Nancy Prebilich: Oh dear, I don`t know. Let me think about it. The teachers in my life have been people that, if you`re able to gather any insights into enlightened wisdom from anything that I may say or do it is not my intention, or within my power. I definitely think that we can slow down our lives. We can take more time. We can look more to our past and our present and care more about our future. To take care of our land and our culture as a people, whatever that may be, whatever land or culture you come from. Those things are important. Their spirit fills us a much as Earth and water; the spirit of people. And I just feel incredibly privileged to be part of this dialogue and share my spirit with others, and to receive theirs, the people who are watching my stories. You know, there is really an incredible human experience that takes place in the storytelling process. And I just learned to become more appreciative about all those things, and to put it out there for people to take note of their life.

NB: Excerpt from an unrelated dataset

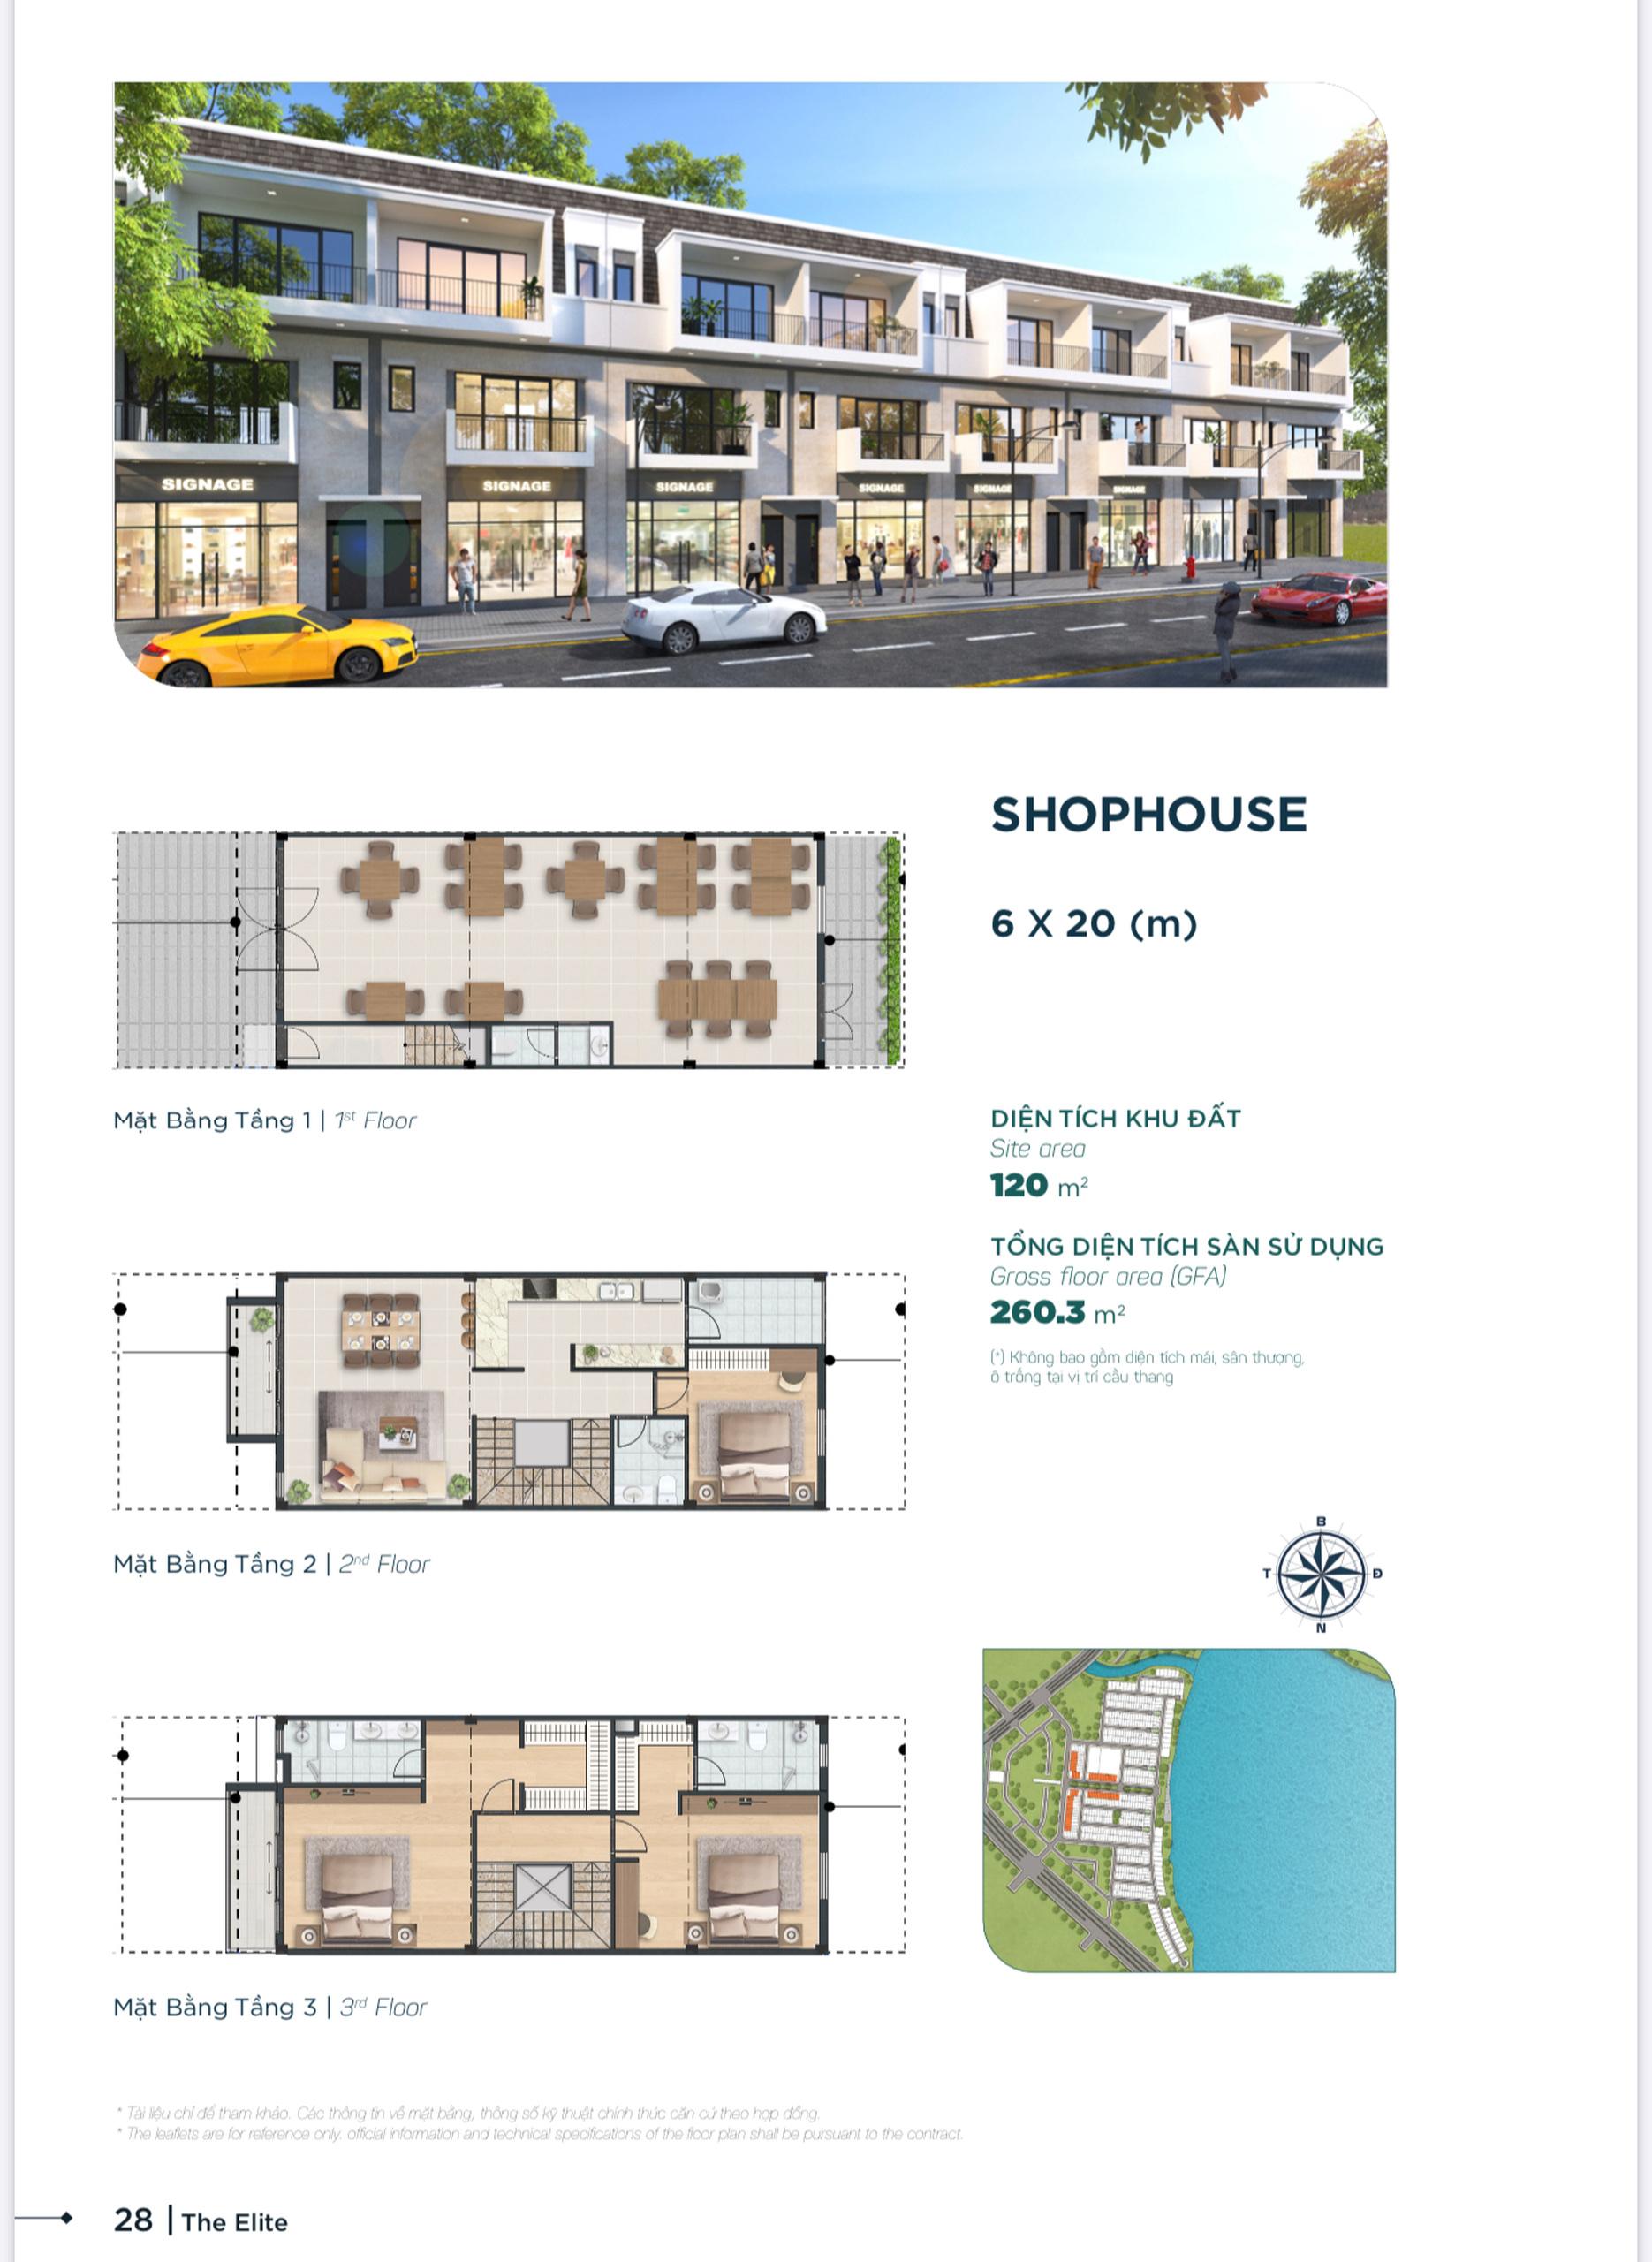 shophouse aqua city 6x20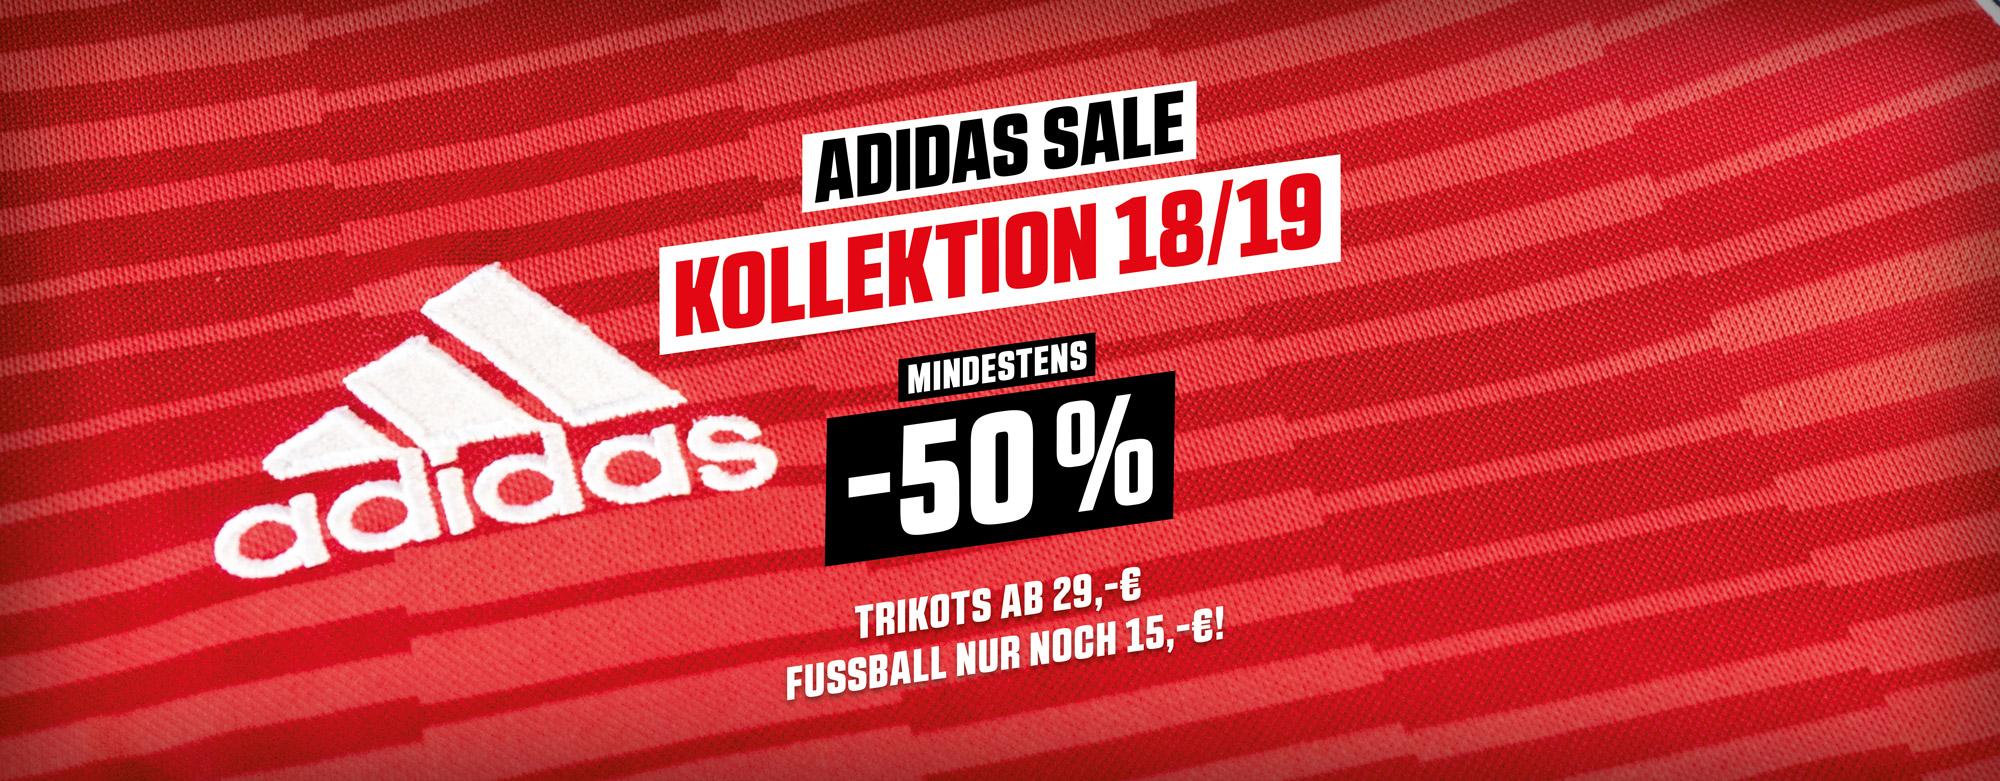 SALE Adidas 18/19

As I was about to finalize interview, I asked Morgan Schmidt-Feng about his reasons for making this documentary film and the process.

Morgan Schmidt-Feng: For me, for someone who shoots and produces video for a living, so much of what I do is collaborating with other people and there is often a very tight schedule, as well as a script, and the story that I am following in a very strict way. I came up to Nancy`s place driving two hours to her rancho, to her land alone. I often was by myself. Because I was shooting by myself. So I had that time to unwind, and let the city and stress go. And, not to worry about the schedule. Nancy and I were very casual about that. When I got there, I often took my time bringing the camera out, and we would just talk and catch up. For me it was this way of kind of re-energizing and recharging my creative batteries as a filmmaker, And not to have an agenda or treatment in the story.   That was not a part of it at all. It was just really exploring, and being open and letting things happen as they were intended to happen. Because in life so many things, if you try too hard sometimes squish and crush it. I did not want to try too hard to make it into something. I wanted it to teach me what it wanted to be, and that was really my approach to it.